Dataset records ▸
* * *
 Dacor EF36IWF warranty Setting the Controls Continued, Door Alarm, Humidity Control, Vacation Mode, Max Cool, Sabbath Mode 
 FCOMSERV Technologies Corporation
* * *
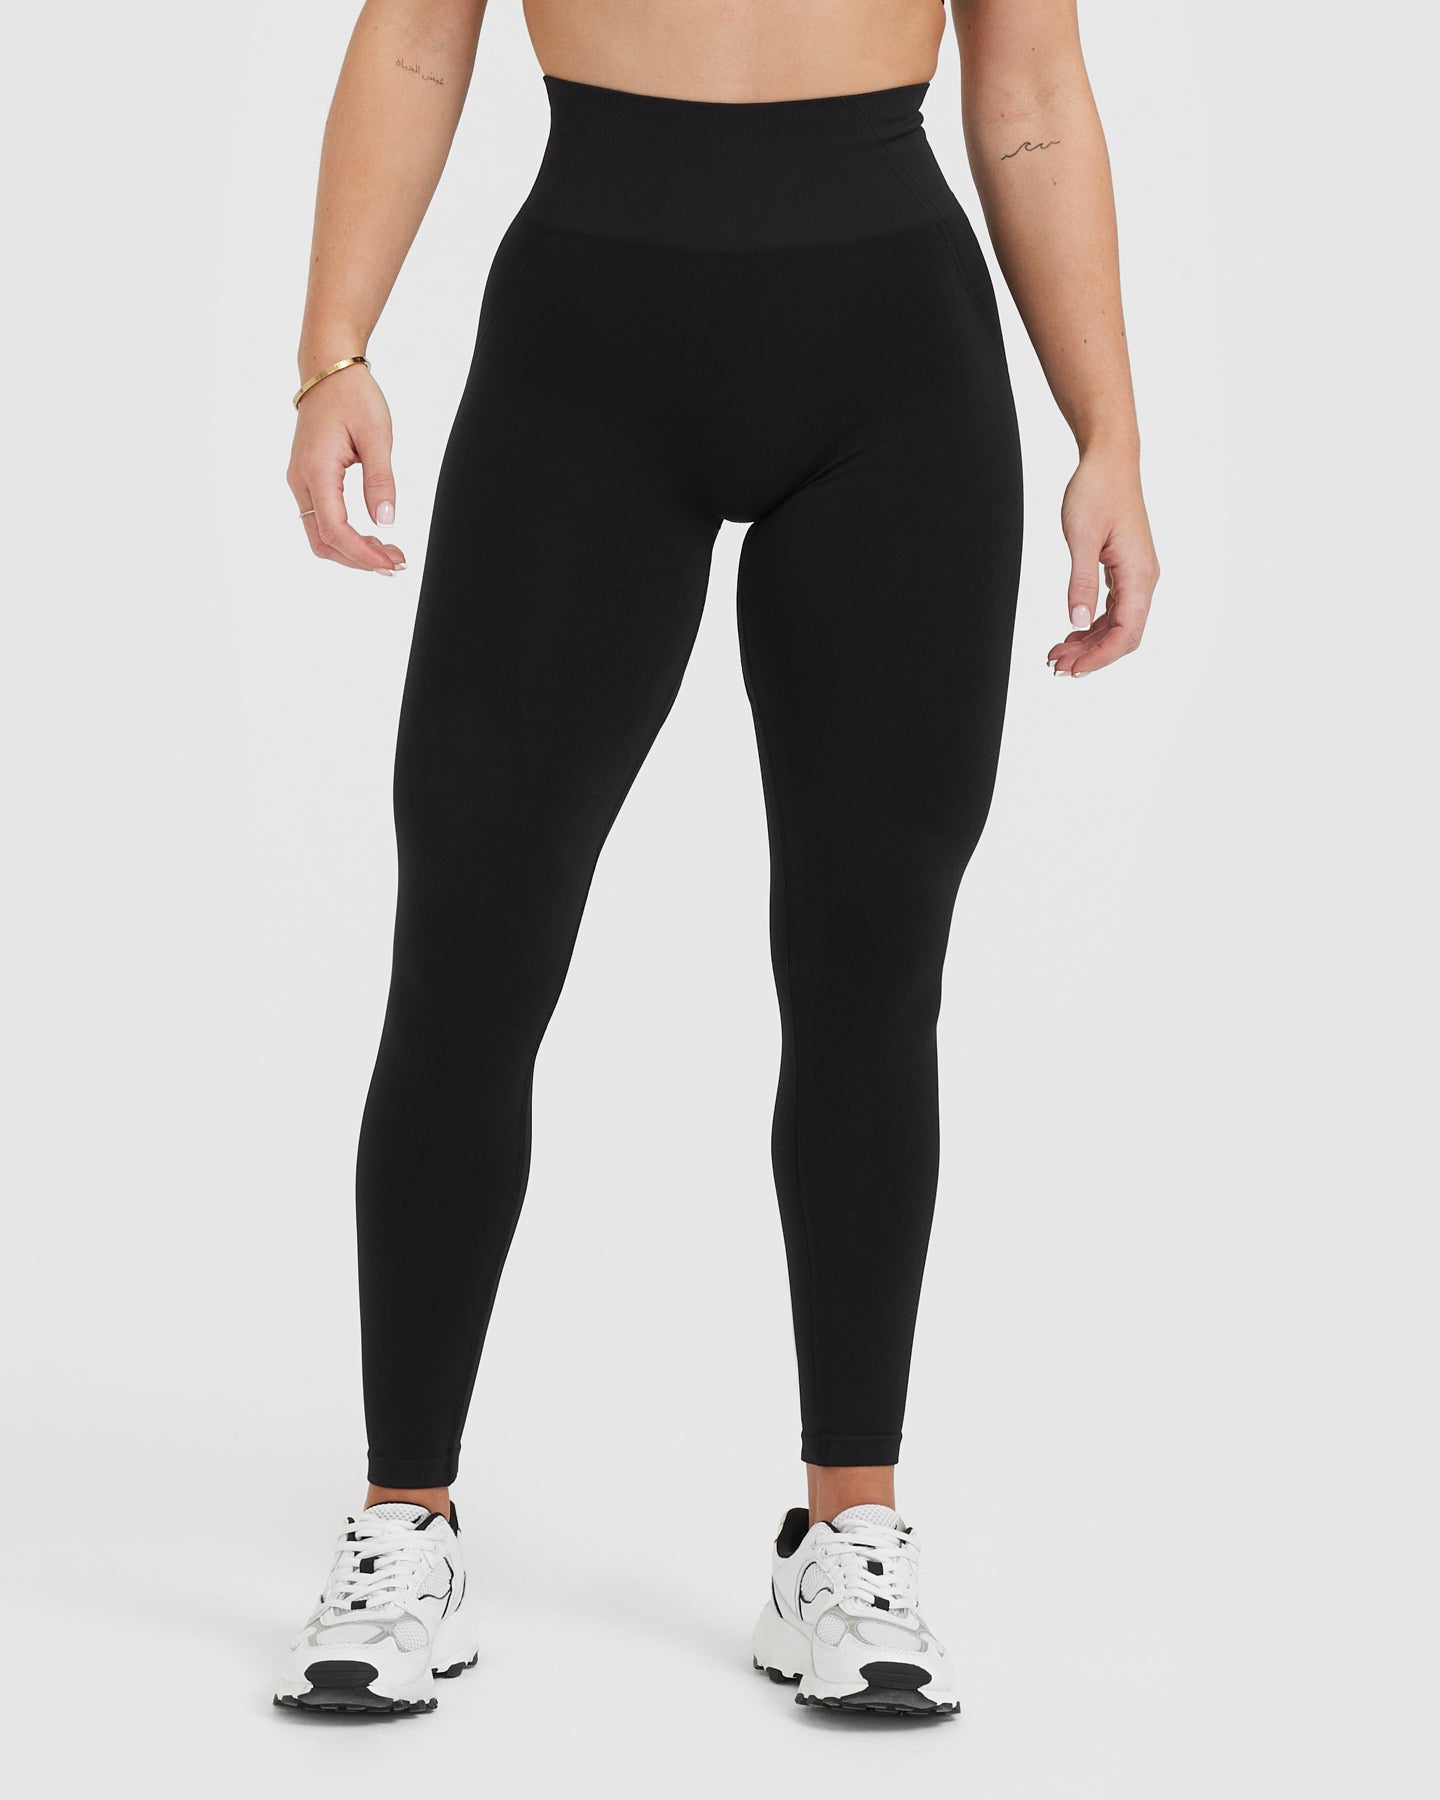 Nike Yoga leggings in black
* * *
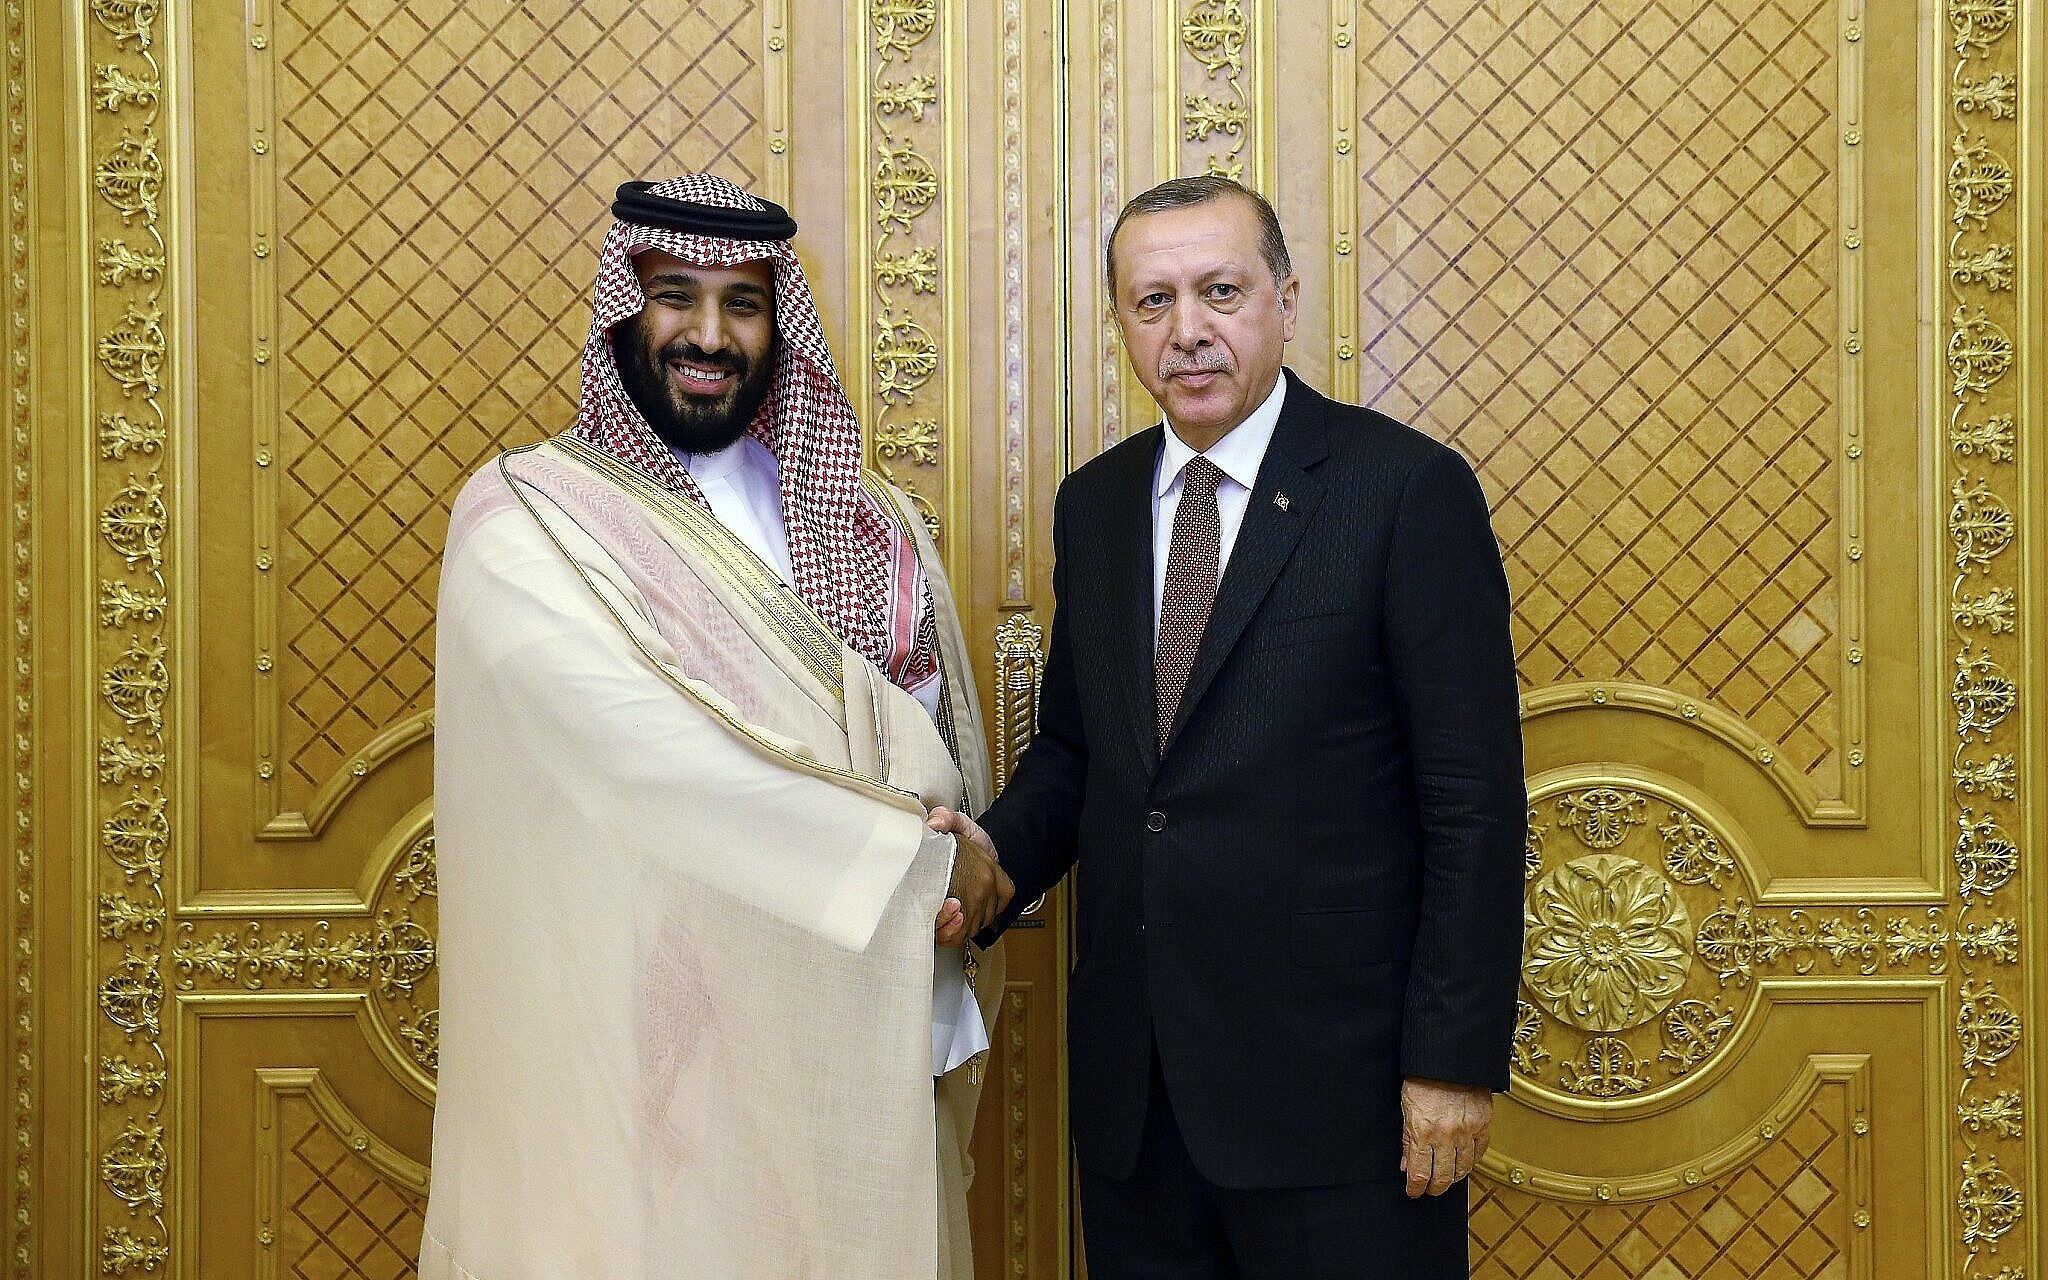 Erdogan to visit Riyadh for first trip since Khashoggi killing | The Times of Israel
* * *
Problem description ▸ The line above containing "Dacor EF36IWF warranty", the line containing "FCOMSERV Technologies Corporation", and every line between them are to be transcribed exactly; no other line is wanted.

Exercise result ▸
 Dacor EF36IWF warranty Setting the Controls Continued, Door Alarm, Humidity Control, Vacation Mode, Max Cool, Sabbath Mode 
 FCOMSERV Technologies Corporation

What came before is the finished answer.